**Task to carry out:** In the data below, set down exactly the lines from the one containing "Korunovace krále Karla III.: Princ William" up to and including the one containing "mis 600 topic". Leave the pictures out.

== Listed records

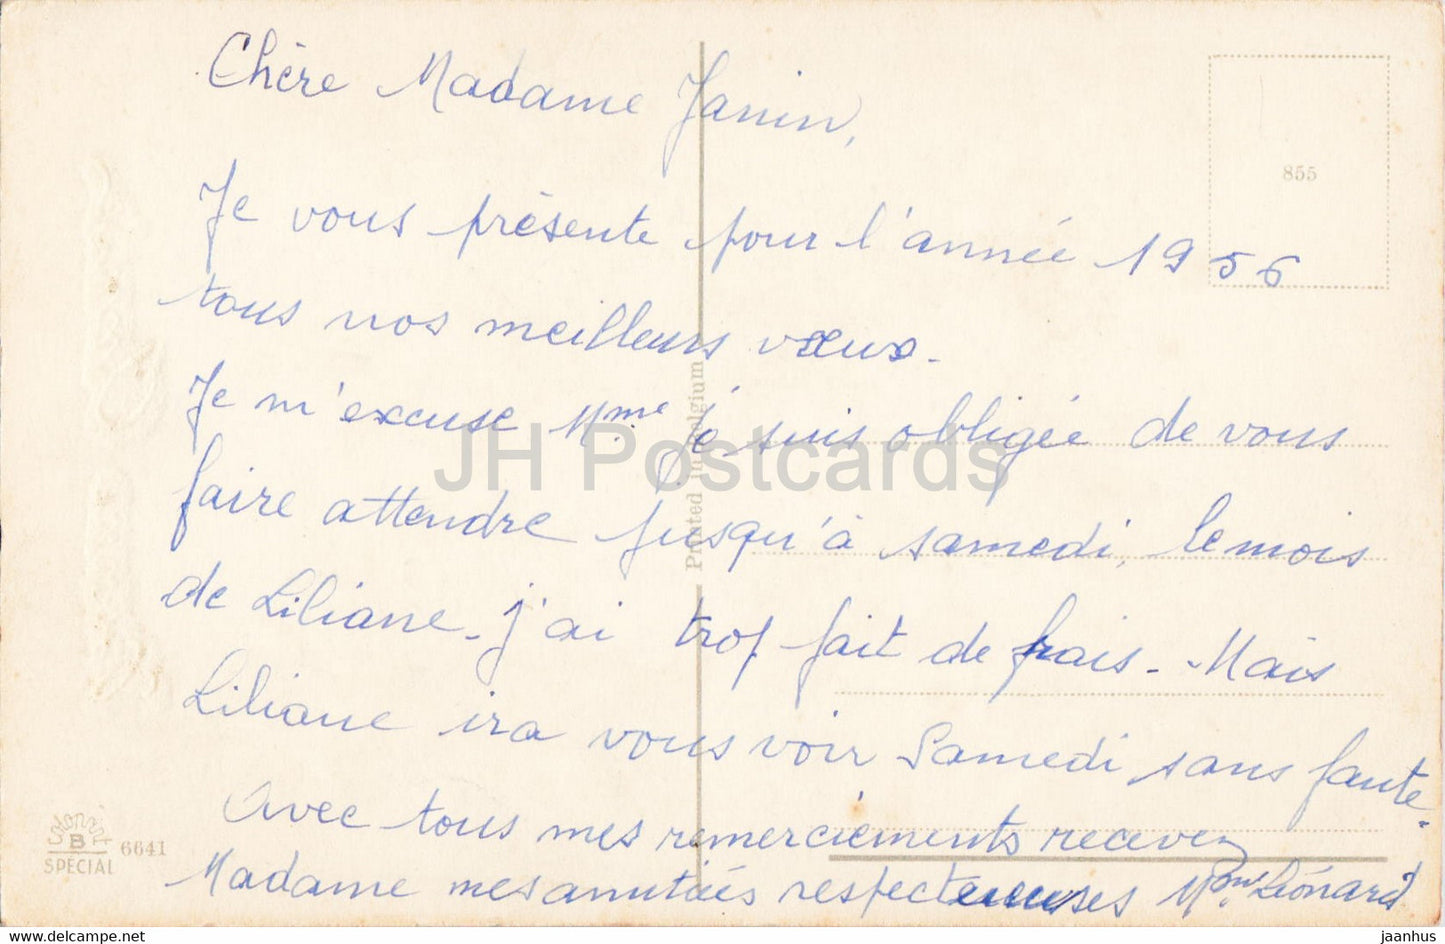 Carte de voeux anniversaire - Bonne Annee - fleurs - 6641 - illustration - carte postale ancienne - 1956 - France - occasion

====
== Listed records

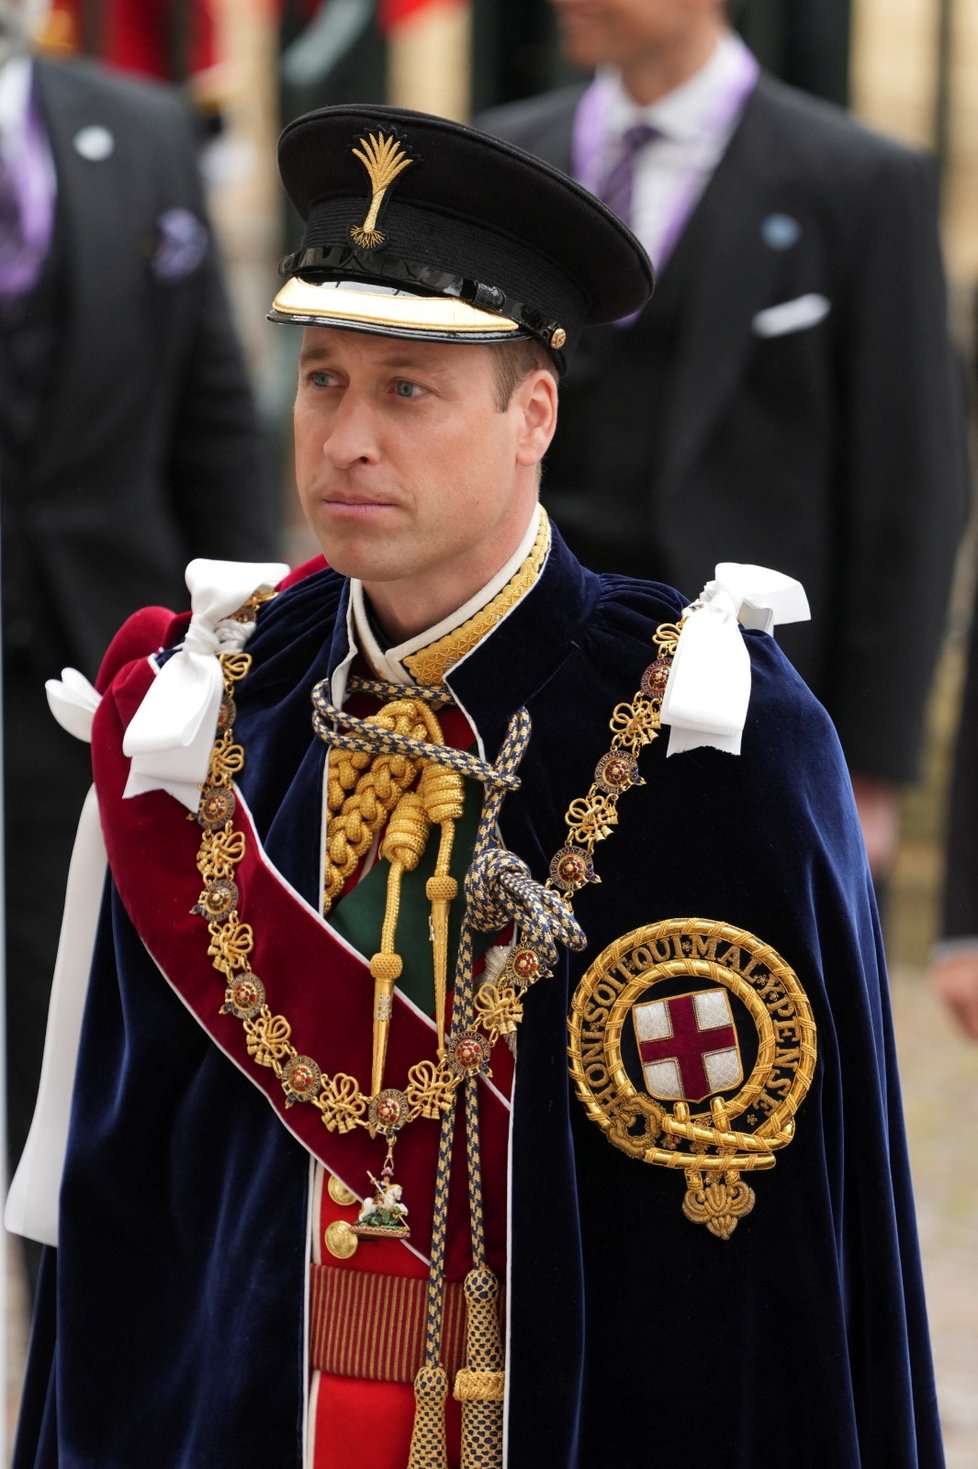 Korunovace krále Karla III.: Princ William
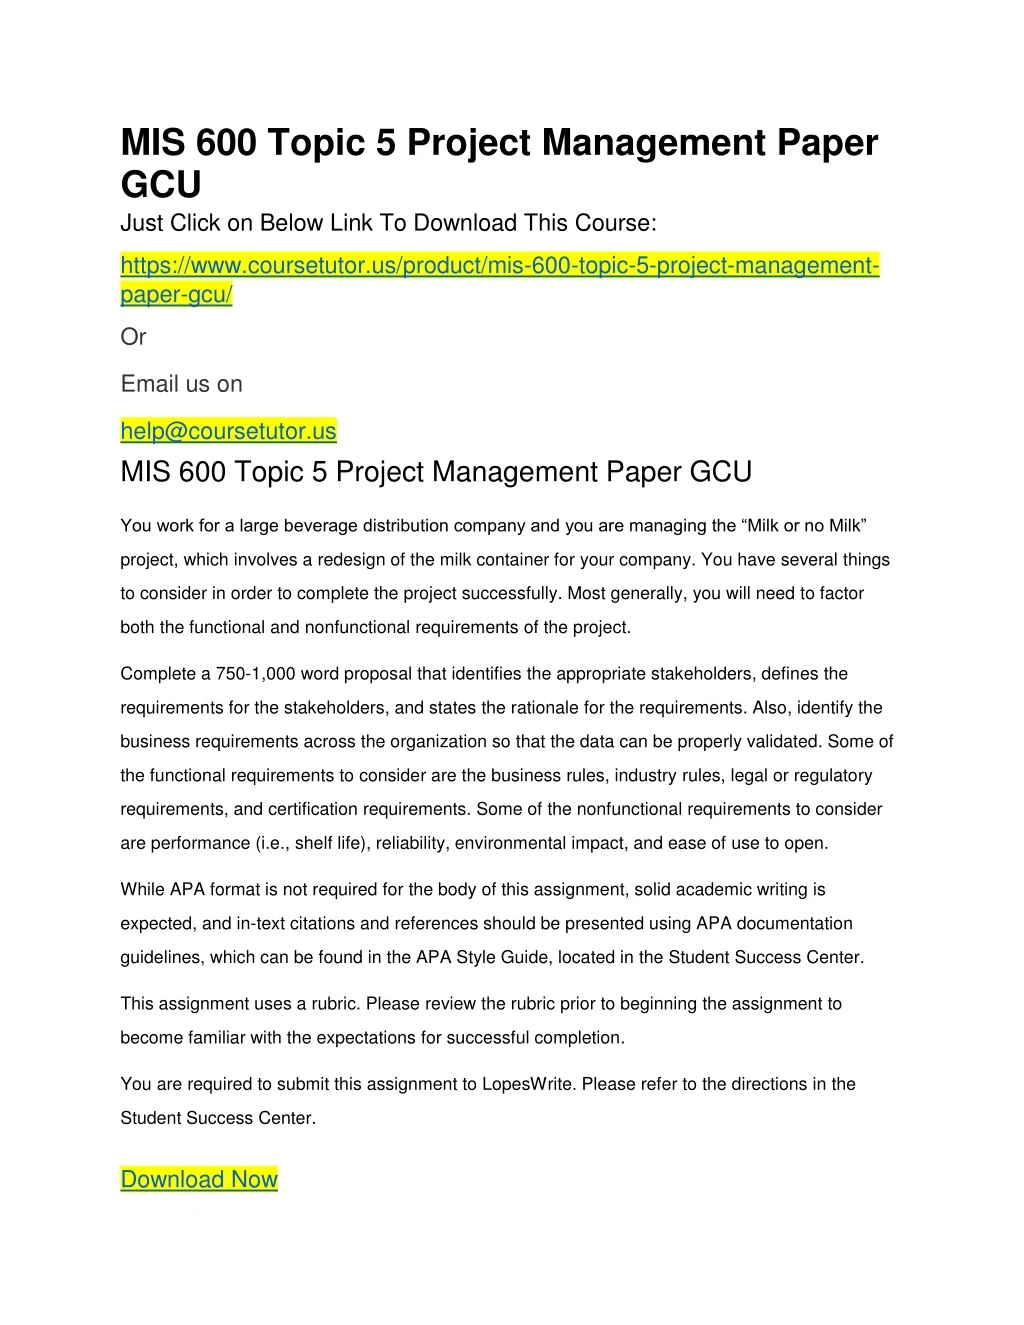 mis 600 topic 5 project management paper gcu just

====
== Listed records

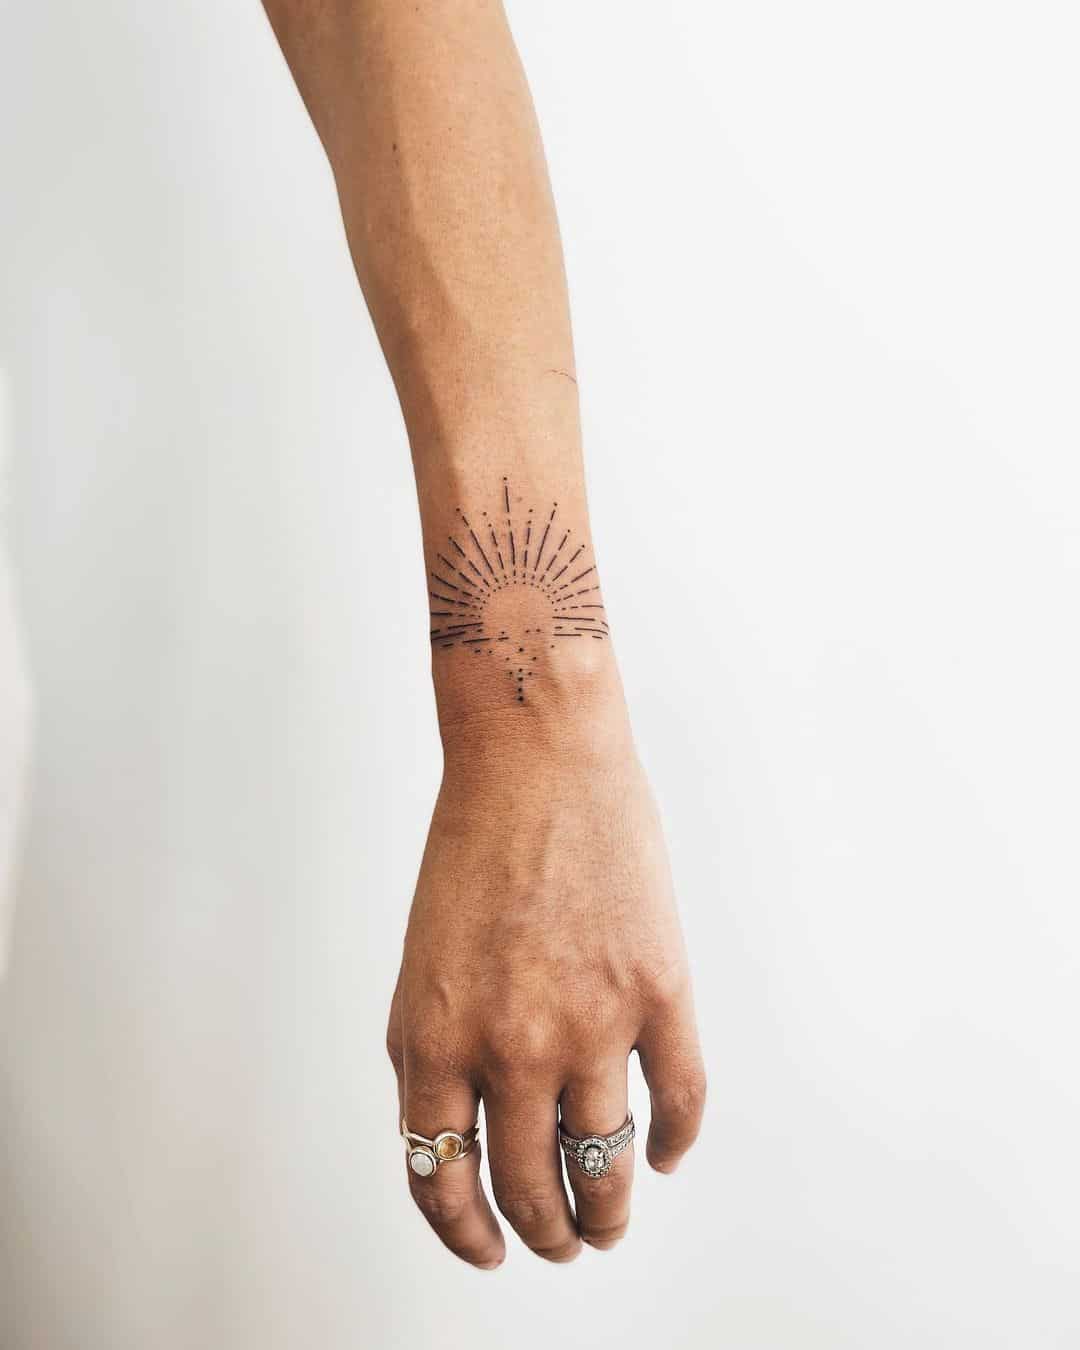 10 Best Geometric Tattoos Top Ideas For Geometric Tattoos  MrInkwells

====

**Task answer:**
 Korunovace krále Karla III.: Princ William
 mis 600 topic 5 project management paper gcu just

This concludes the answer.